Alguns tratamento podem ser longos e demandar muito de todos os envolvidos. A pessoa próxima deve ajudar, mas nunca se esquecer de si e também de suas próprias necessidades. É fundamental resguardar um tempo para si mesma e suas próprias particularidades. A própria pessoa que está em tratamento, sempre que possível, também deve ter sua autonomia preservada e estimulada para evitar estresse, ressentimentos e culpabilizações desnecessárias.
Transtornos mentais graves estão associados a um aumento real nas taxas de suicídio. Tanto a confusão mental quando a o sofrimento e a sensação de falta de perspectivas podem estimular tentativas de suicídio. Esteja atento às falas e sinais. Na dúvida, não subestime e converse com a pessoa e os profissionais envolvidos sobre o assunto. A observação mais próxima e até controle dos medicamentos pode ser necessário.

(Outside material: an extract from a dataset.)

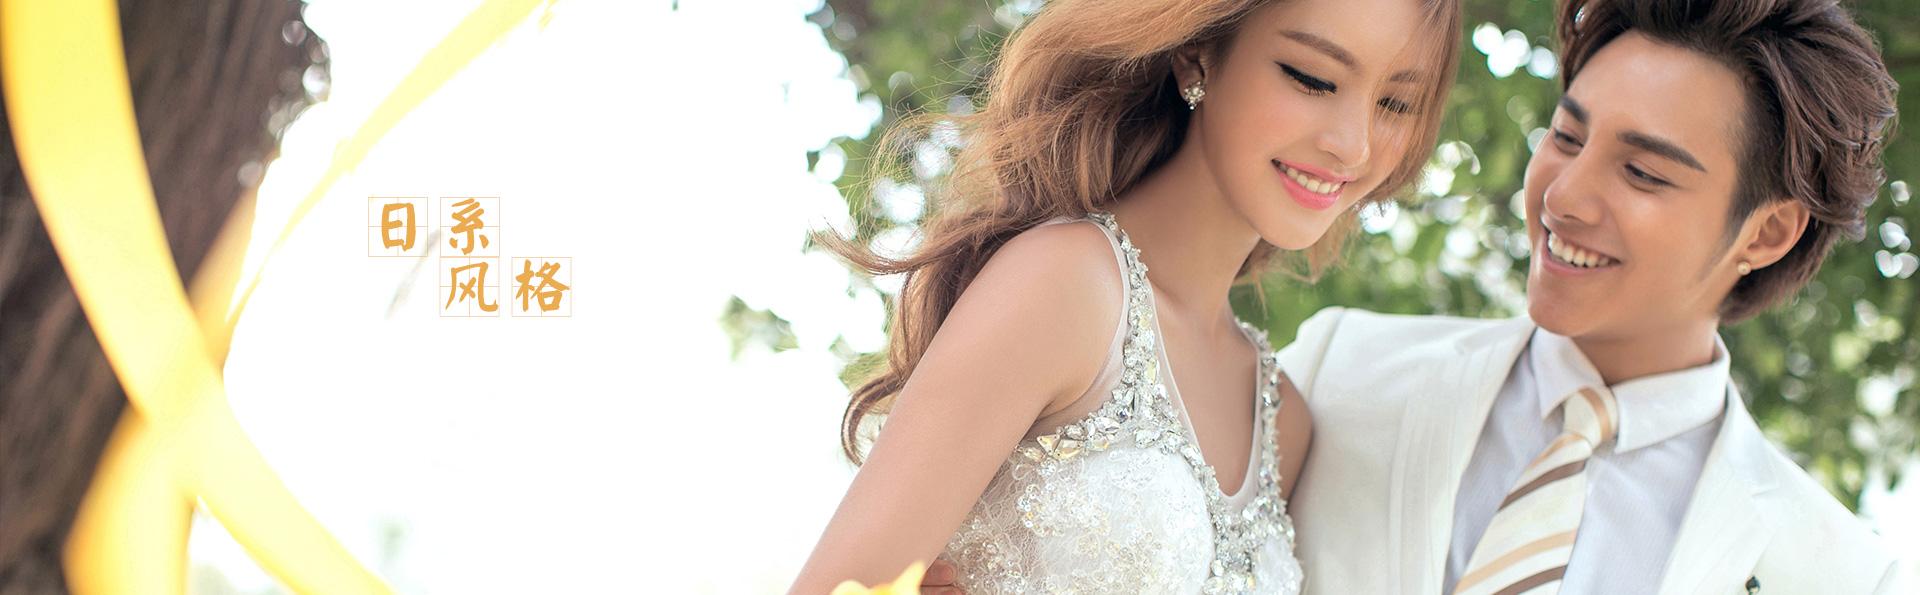 株洲日式婚纱摄影风格

A pessoa que está doente sempre terá alguém em quem mais confia. Ofereça opções e busque essas pessoas para ajudar nos passos necessários. A doença já causa sofrimento demais e todas as decisões que antes poderiam ser mais simples tornam-se mais complexas e assustadoras.
Algumas medicações psiquiátricas, como os antipsicóticos, podem ter efeitos colaterais importantes. Esteja atento às queixas da pessoa e as passe ao médico. Dependendo da situação também pode ser necessária a ajuda para o manuseio e o uso da medicação em horário correto. A recusa em tomar a medicação também deve ser conversada e discutida com os profissionais envolvidos.
A pessoa com uma doença psiquiátrica pode ter todas as áreas de sua vida afetadas. Acontecem alterações nas relações familiares, no emprego, na vida social geral. O acompanhamento no processo de reabilitação emocional e funcional é indispensável e deve ser estimulado, apoiado e ter a participação de todos os envolvidos.
Estimule a autonomia, tenha esperança no passo-a passo da recuperação e ajude a pessoa a se lembrar de quem ela realmente é. Cada passo no processo de reabilitação é uma grande vitória e deve ser comemorado. Lembre-se de focar na melhora e nos ganhos progressivos ao invés de focar nas perdas.
Muitas vezes precisamos nos lembrar da verdadeira essência do amor para lidar com as fases que podem ser as mais difíceis da vida de todos os envolvidos. Amor é presença, amor é tolerância e aceitação. Amor também é o reconhecimento dos próprios limites.
Quando falamos em transtornos psiquiátricos, o amor pelo outro não deve superar o amor por si mesmo. O desgaste emocional e físico de quem cuida também nunca pode ser esquecido. E, nessa medida e com a ajuda das pessoas próximas, os momentos de crise podem ser ultrapassados.
“A prova de que estou recuperando a saúde mental, é que estou cada minuto mais permissiva: eu me permito mais liberdade e mais experiências. E aceito o acaso. Anseio pelo que ainda não experimentei. Maior espaço psíquico. Estou felizmente mais doida.” Clarice Lispector
Nota: As orientações acima devem ser vistas como informativas e destinadas ao público geral. Elas não substituem e nem sobrepõem-se ao prescrito pelos profissionais que acompanham o tratamento da pessoa. Converse sempre com a equipe responsável sobre suas dúvidas. Nunca tenha receio de falar ou de se informar melhor.